Activity: Talk or presentation typesInvited talk

Description

It is unclear the extent to which attitudes to the Italian community in Scotland changed with the advance of Fascism in the 1930s. As in other parts of the UK, Italians had been employed mainly in, and indeed owned, catering and retail establishments that had become defining elements of the urban landscape. Italian cafés and ice-cream shops were important sites of social aggregation. That said, prevailing anti-Roman Catholic prejudice, particularly in areas of the UK where sectarianism was more present, intensified feelings of marginalisation.

Italy’s entry into World War Two in June 1940 prompted a spate of anti-Italian riots across the UK targeting particularly Italian business premises, very often also family homes. Historical accounts as to how violent the riots were vary, and they also disagree over their sectarian as well as political motivations. In terms of the Italian community’s collective memory of the War, the sinking of the Arandora Star in early July 1940 in which hundreds of Italian men resident in the UK drowned was devastating.

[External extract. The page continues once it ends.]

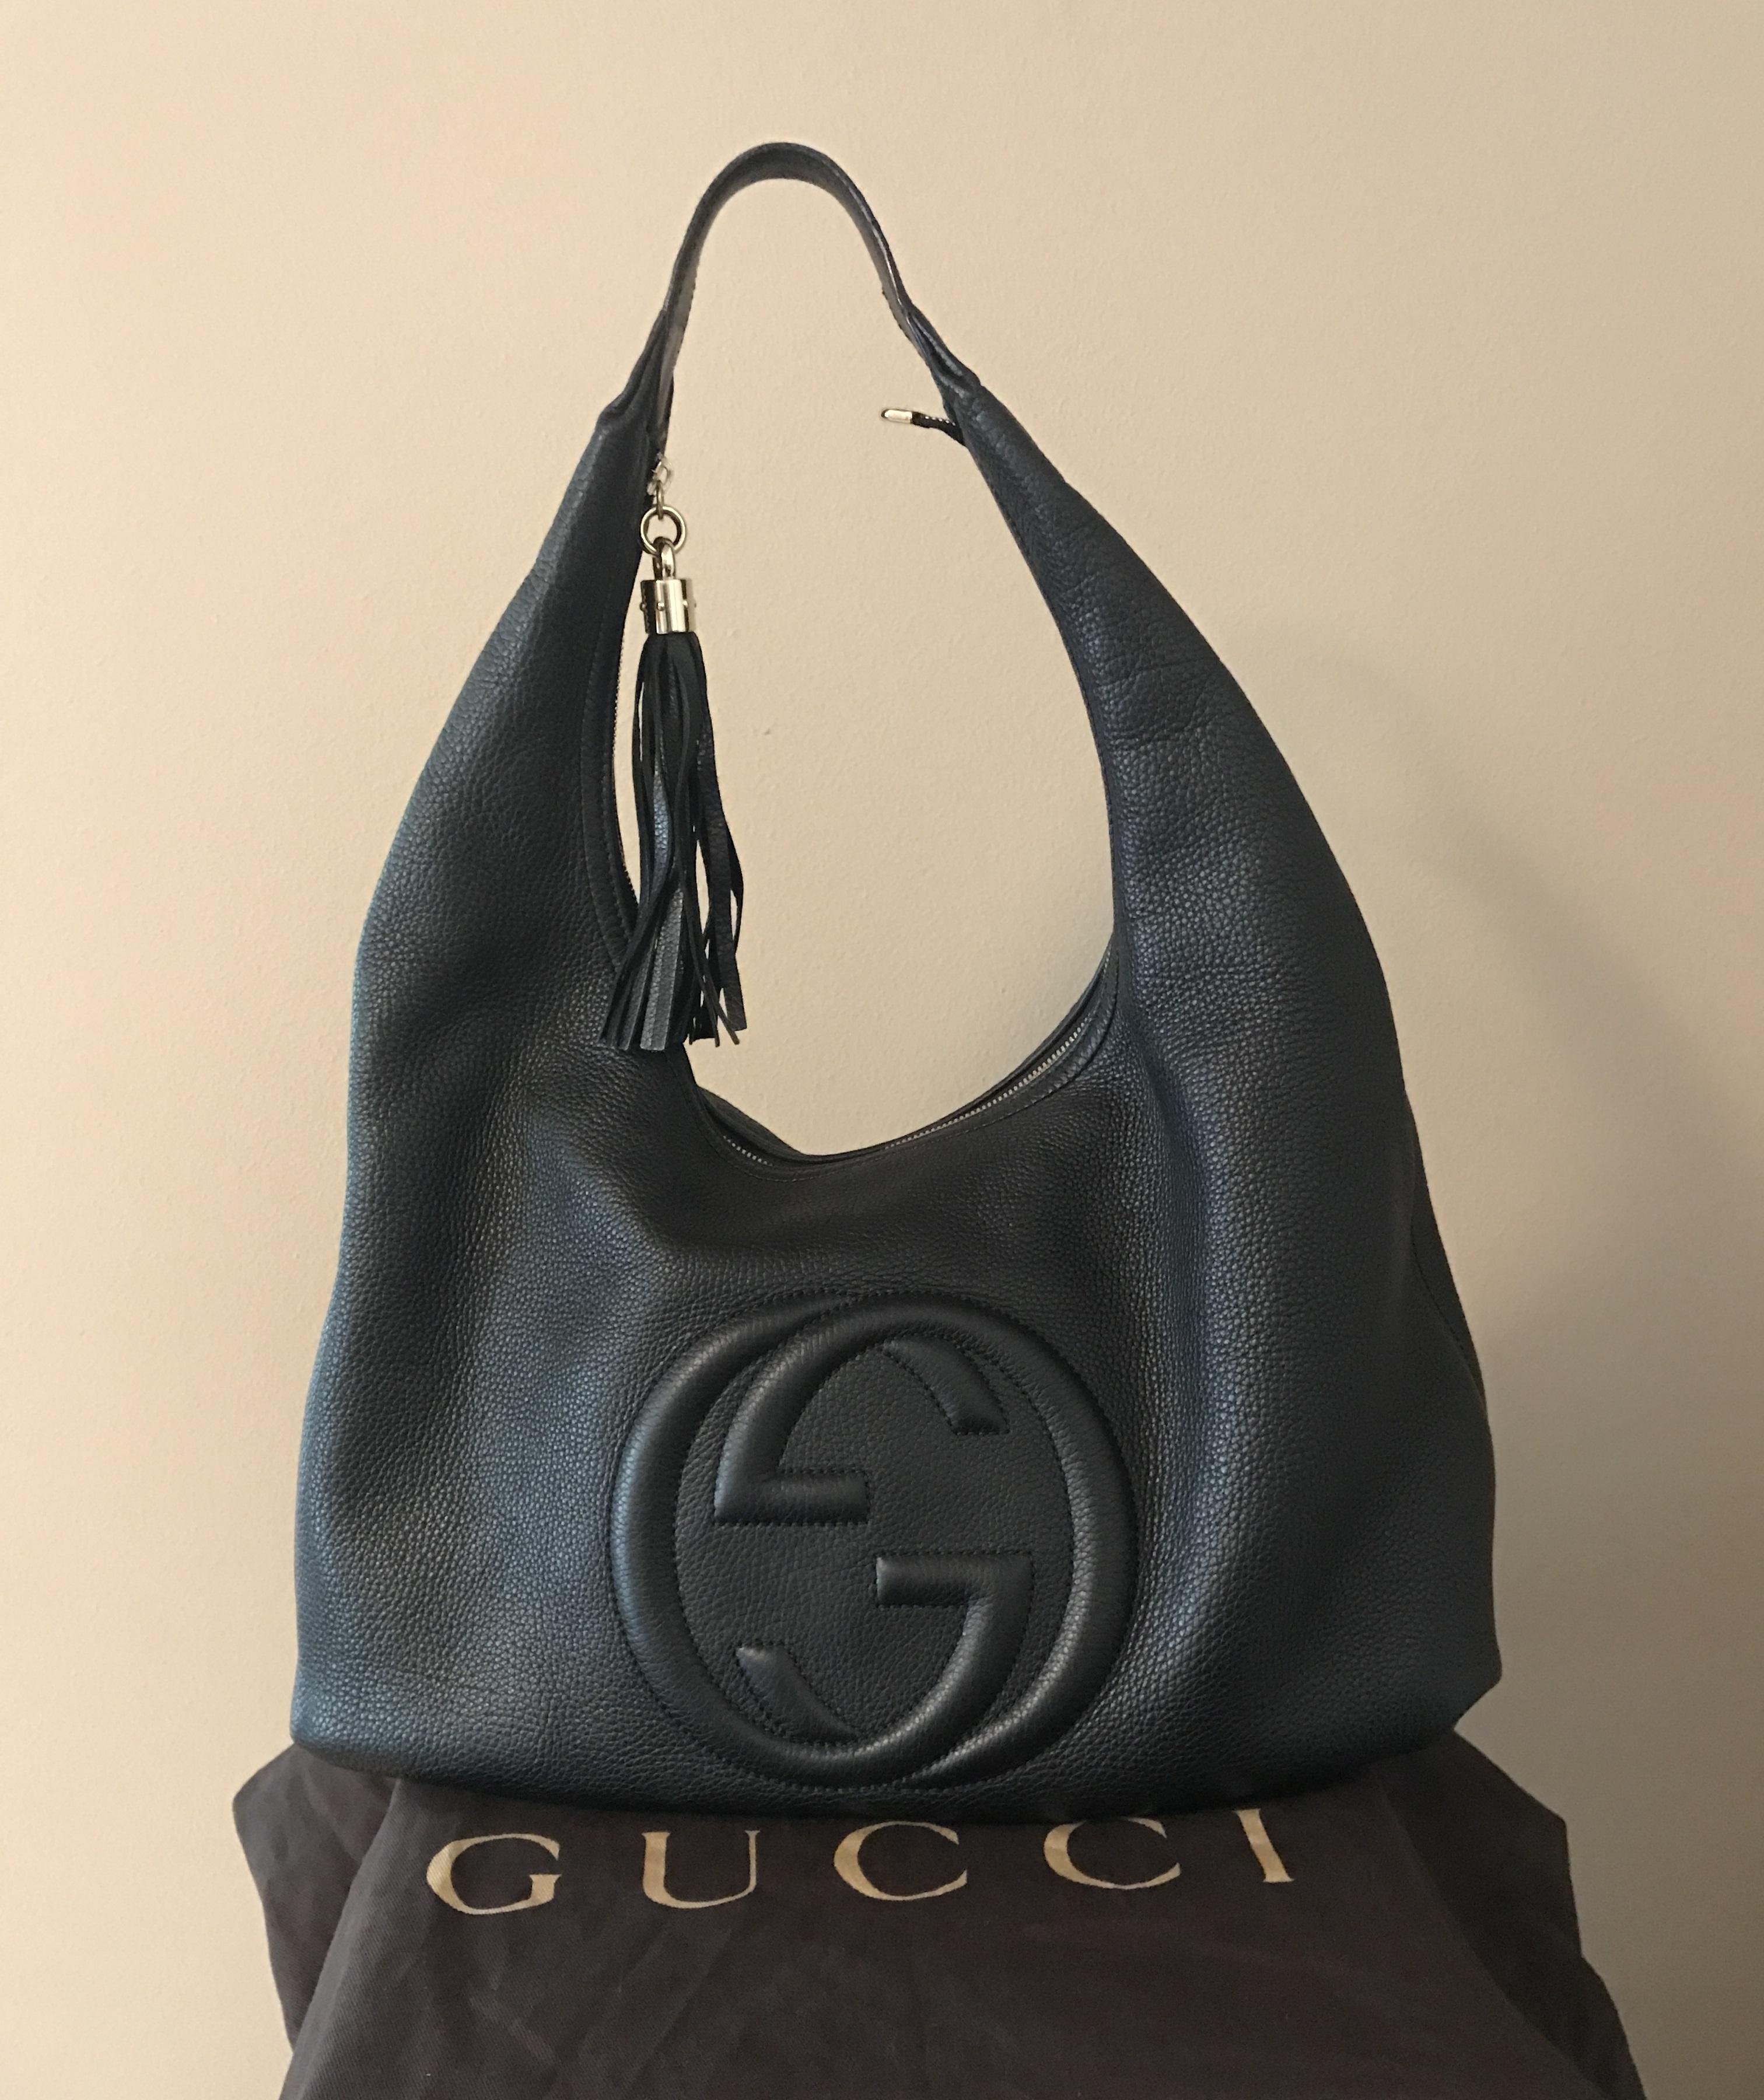 Gucci-Soho-Handbag-front

The sinking has in recent years been memorialised as the determining traumatic site of the historical Italian community’s sense of identity. Without wishing to underplay the grief and sense of loss caused by the sinking of the Arandora Star, I will suggest that for many Italians it was the trauma of urban violence perpetrated often by their close neighbours in the course of the rioting that had the most lasting effect. The paper will examine a range of accounts regarding the riots of June 10th 1940 in Edinburgh in order to identify the social and cultural tensions inhabiting these stories of urban, domestic violence.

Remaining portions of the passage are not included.